### Code for help in building a KNN classifier
#### Dr. Bruns

In this code I show the ideas you need to build a KNN classifier.

In [1]:
import numpy as np
import pandas as pd
from scipy.spatial import distance_matrix
from scipy.stats import mode, zscore
from sklearn.model_selection import train_test_split
import warnings
warnings.filterwarnings('ignore')

Read the Iris data set.
Each row gives measurements for a single Iris flower.
I use the species associated with each row as the index of the DataFrame.

In [2]:
df = pd.read_csv('https://raw.githubusercontent.com/grbruns/cst383/master/iris.csv', index_col=4)

Apply zscore normalization to every column.

In [3]:
df = df.apply(zscore)

To make things simple, use 20 randomly-selected
rows of the data.

In [4]:
np.random.seed(0)
m = 20
df_small = df.iloc[np.random.choice(df.shape[0], m), :]
df_small.head()

Unnamed: 0_level_0,sepal_length,sepal_width,petal_length,petal_width
species,Unnamed: 1_level_1,Unnamed: 2_level_1,Unnamed: 3_level_1,Unnamed: 4_level_1
setosa,-1.506521,0.328414,-1.340227,-1.315444
virginica,2.249683,1.709595,1.672157,1.317199
versicolor,-0.052506,-0.82257,0.194384,-0.262387
virginica,0.553333,-0.362176,1.046945,0.790671
setosa,-1.143017,0.098217,-1.283389,-1.447076


From this small data set, create a training and test set


In [5]:
X = df_small.values
y = df_small.index.values
X_train, X_test, y_train, y_test = train_test_split(X, y, test_size=5, random_state=42)

Create a distance matrix.
There is one row for every row of X_test.
There is one column for every row of X_train.

In [6]:
dm = distance_matrix(X_test, X_train)

If we look at the first row of dm, we can see the
distances from the first row of the test data to
all of the rows of the training data.

In [7]:
row = dm[0,:]
row

array([1.32828601, 3.42843578, 3.85411762, 3.70474792, 0.67807863,
       3.67957157, 2.6273335 , 2.47623259, 0.45352282, 0.45352282,
       0.76304261, 3.67957157, 4.54009611, 2.47623259, 1.29203689])

The smallest value in this array corresponds to the row of the training data that is most similar to the first row of the test data.   What is the row number for the training example that is most similar to the first row of the test data?  We can find out with argsort().

In [8]:
np.argsort(row)

array([ 8,  9,  4, 10, 14,  0,  7, 13,  6,  1,  5, 11,  3,  2, 12],
      dtype=int64)

You can confirm that the smallest value in array row is at index 8.  This means that the first row of the test data is most similar to row 8 of the training data.  Let's look at their values to confirm they're similar.  

In [9]:
print(X_test[0])
print(X_train[8])

[-1.50652052  0.32841405 -1.34022653 -1.3154443 ]
[-1.14301691  0.09821729 -1.2833891  -1.44707648]

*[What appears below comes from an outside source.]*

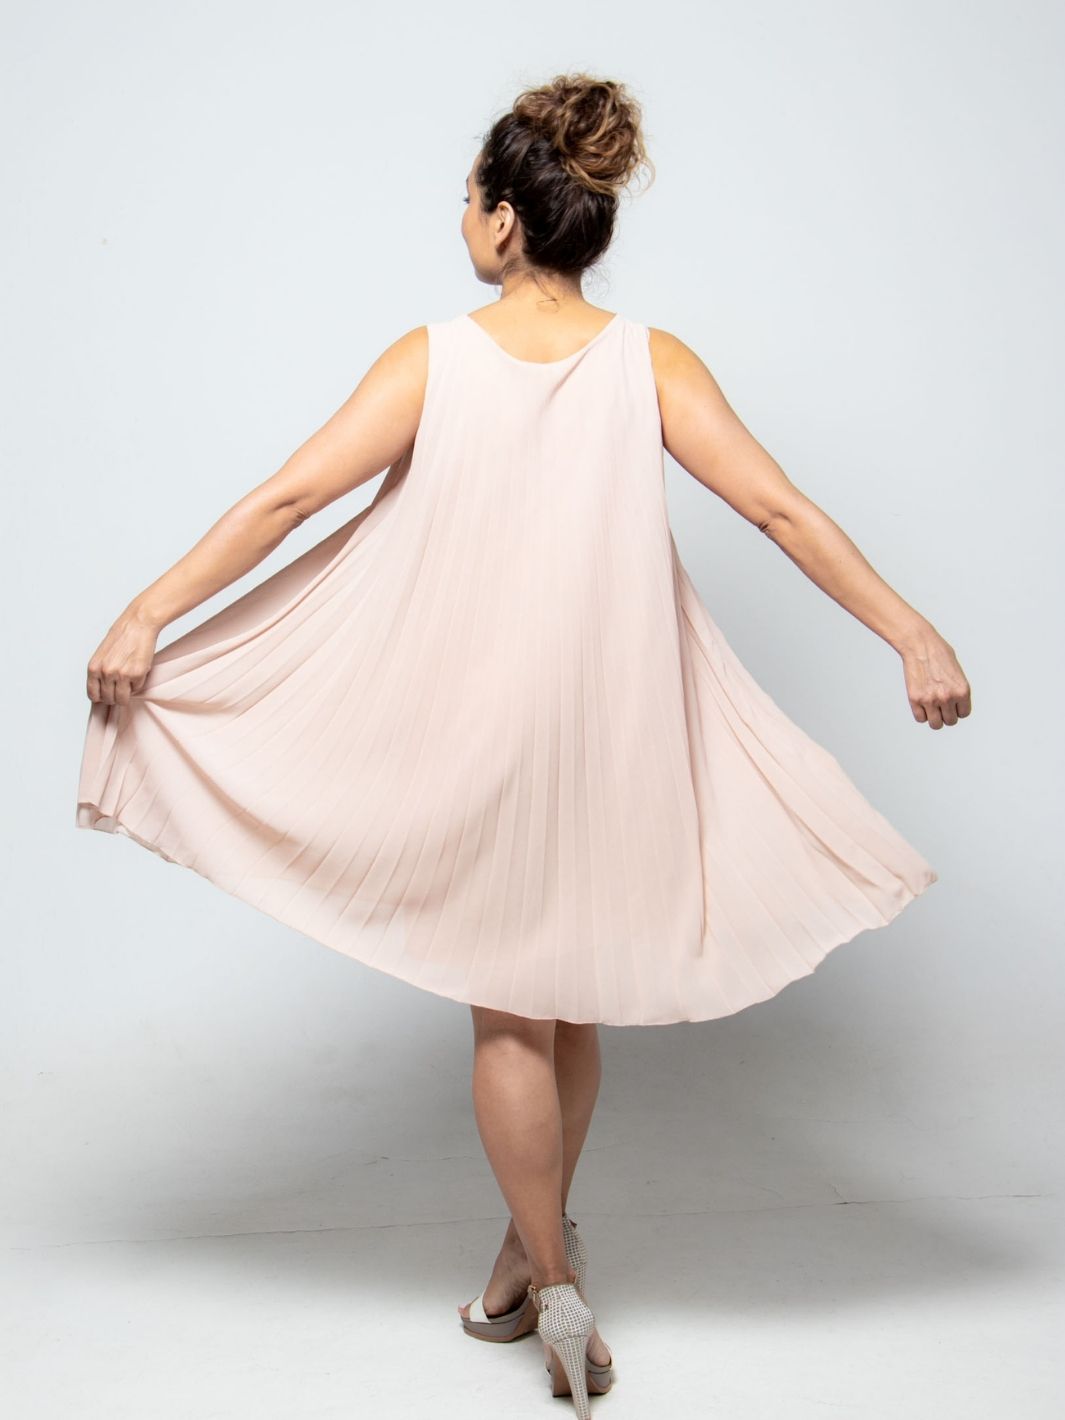 Pleated Mid Length Dress - Pink

The species of the rows of the training data that are closest to the first row of the test data can be found like this:

In [10]:
y_train[np.argsort(row)]

array(['setosa', 'setosa', 'setosa', 'setosa', 'setosa', 'setosa',
       'versicolor', 'versicolor', 'versicolor', 'versicolor',
       'versicolor', 'versicolor', 'versicolor', 'virginica', 'virginica'],
      dtype=object)

This means that the rows of the training data having values most similar to the first row of the test data are all of species setosa.

Here are the species associated with the 5 rows of the training data that are most similar to the first row of the test data: 

In [11]:
y_train[np.argsort(row)][:5]

array(['setosa', 'setosa', 'setosa', 'setosa', 'setosa'], dtype=object)

In this example all are setosa.  In general, you can find the species that appears the most by applying scipy.stats.mode().

In [12]:
closest_species = y_train[np.argsort(row)][:5]
mode(closest_species)[0][0]

'setosa'

Is this prediction correct?   Let's check the species for the first row of the test data.

In [13]:
y_test[0]

'setosa'

In this example I showed how to find the predicted class for the 
first row of the test data.  The same idea can be used to get 
predictions for all rows of the test data set.